Table 4. Differentially expressed genes in the coelomocytes of Apostichopus japonicus after lipopolysaccharides (LPS) challenge
| ||4 h||24 h||72 h|
Approximately 58.4% (1802) of the DEGs in coelomocytes of A. japonicus were annotated. Gene Ontology annotation showed that 952 DEGs could be assigned with at least one GO term. The number of DEGs which have at least one GO term at three tested time points after challenge is shown in Fig. S2 (Supporting Information). KEGG pathway analysis showed that 1058 DEGs were mapped to 238 pathways, and metabolic pathways were the most abundant (190), followed by the focal adhesion (98), ECM–receptor interaction (71) and phagosome pathways (61).

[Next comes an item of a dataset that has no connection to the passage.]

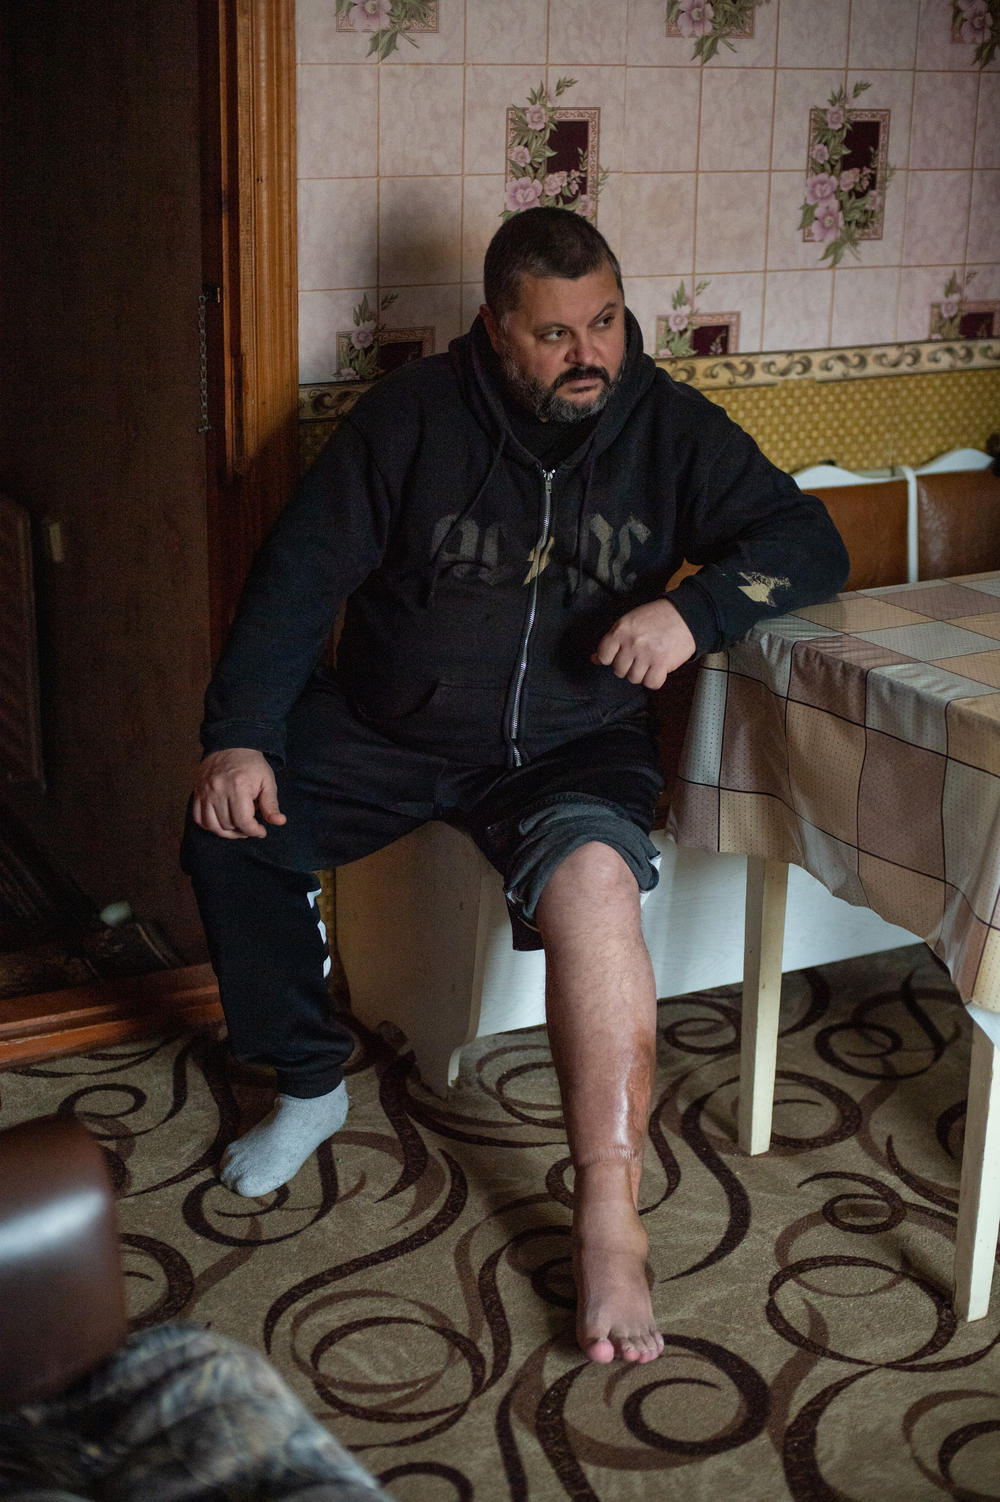 Oleksandr Diakov, a Kherson resident, sits in his home and shows scars on his leg from when he was tortured by Russian soldiers during the occupation of the city.
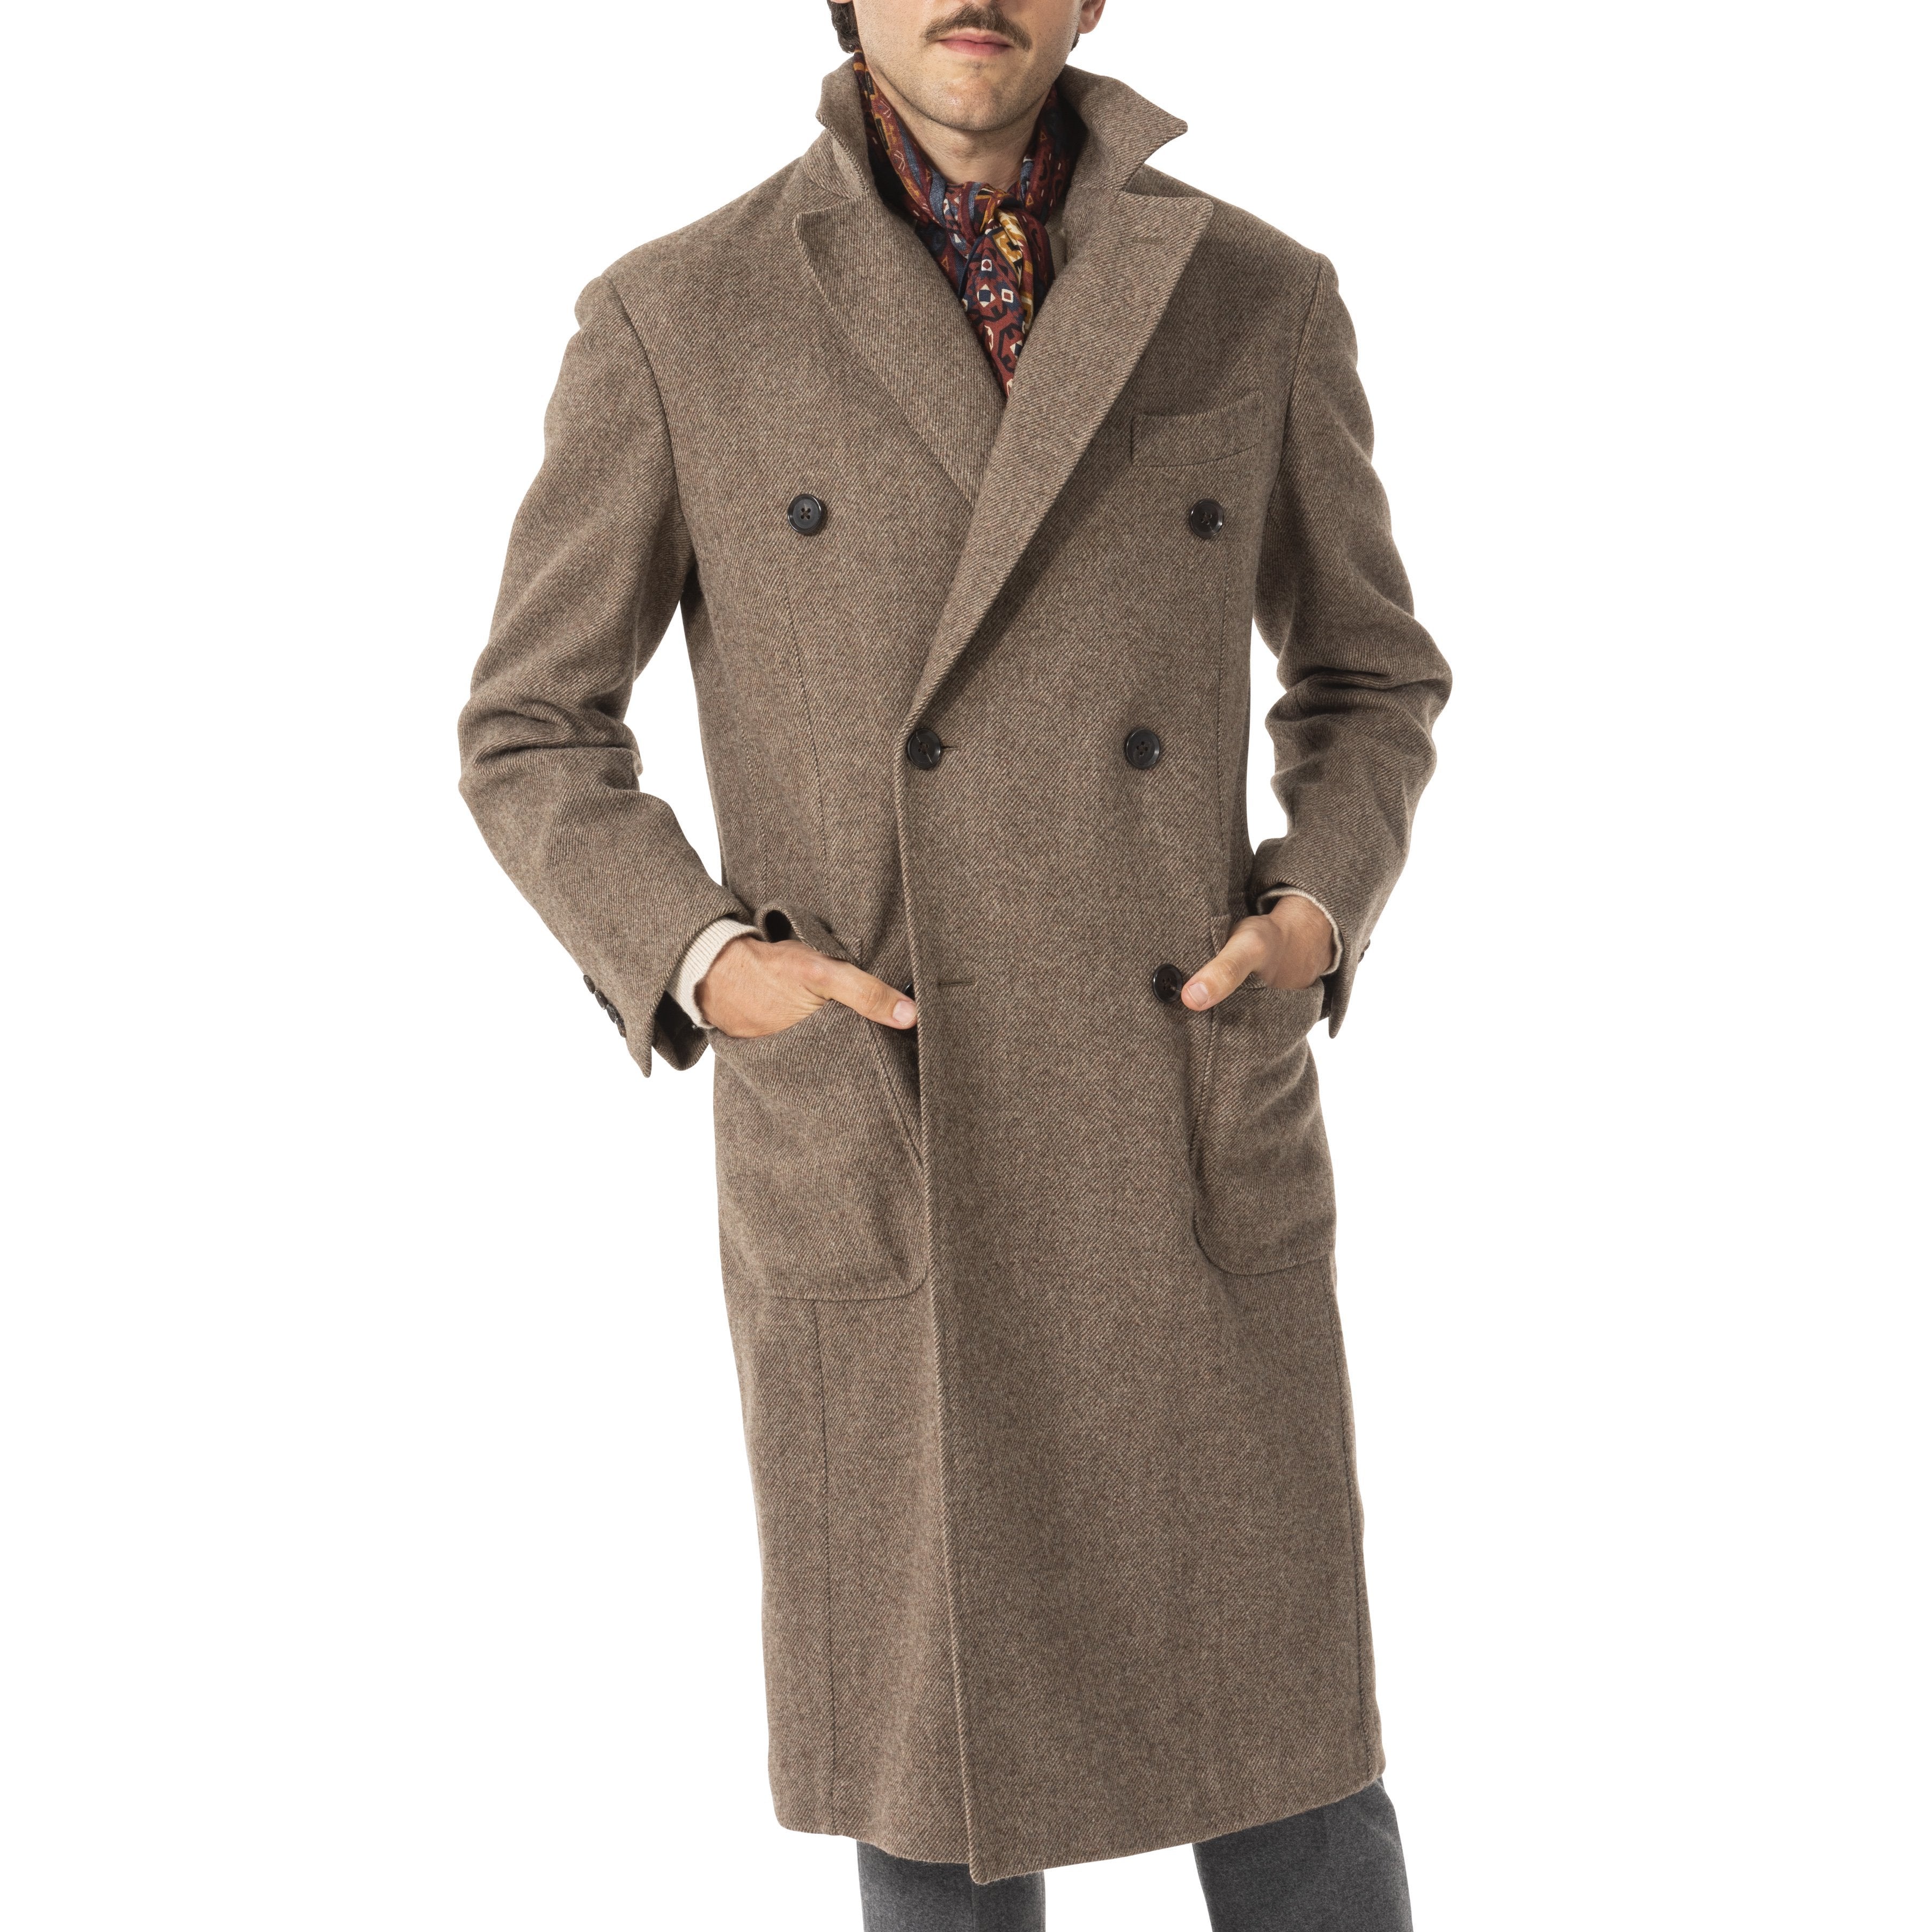 Wool Twill Overcoat - The Armoury

The DEGs contained some important immune-related genes, such as C-type lectin, lysozyme, interleukin 17C1 precursor, complement factors C3, Bf, H, Toll-like receptors, thioredoxin, tumour necrosis factor receptor-associated factor and lysosomal-associated transmembrane protein. The expression patterns of some DEGs corresponded to the previous data we obtained through qPCR detections (Yang et al. 2010; Zhou et al. 2011), and more should be further validated. These data provide important information of the coelomocytes in immune responses.
In conclusion, we performed a large-scale transcriptome sequencing of sea cucumber A. japonicus using an Illumina sequencing platform. The assembly transcriptome quality of A. japonicus was improved greatly by integrating the Illumina data and the public data, permitting gene discovery and characterization across a broad range of functional categories. A large number of potential genetic markers were identified from the A. japonicus transcriptome. The SNPs and SSRs identified here will provide sufficient resource for genetics and molecular ecology studies in sea cucumber. The DEGs in response to LPS were also identified. Such data will facilitate immune-related genes discovery and functional genomic studies of the sea cucumber.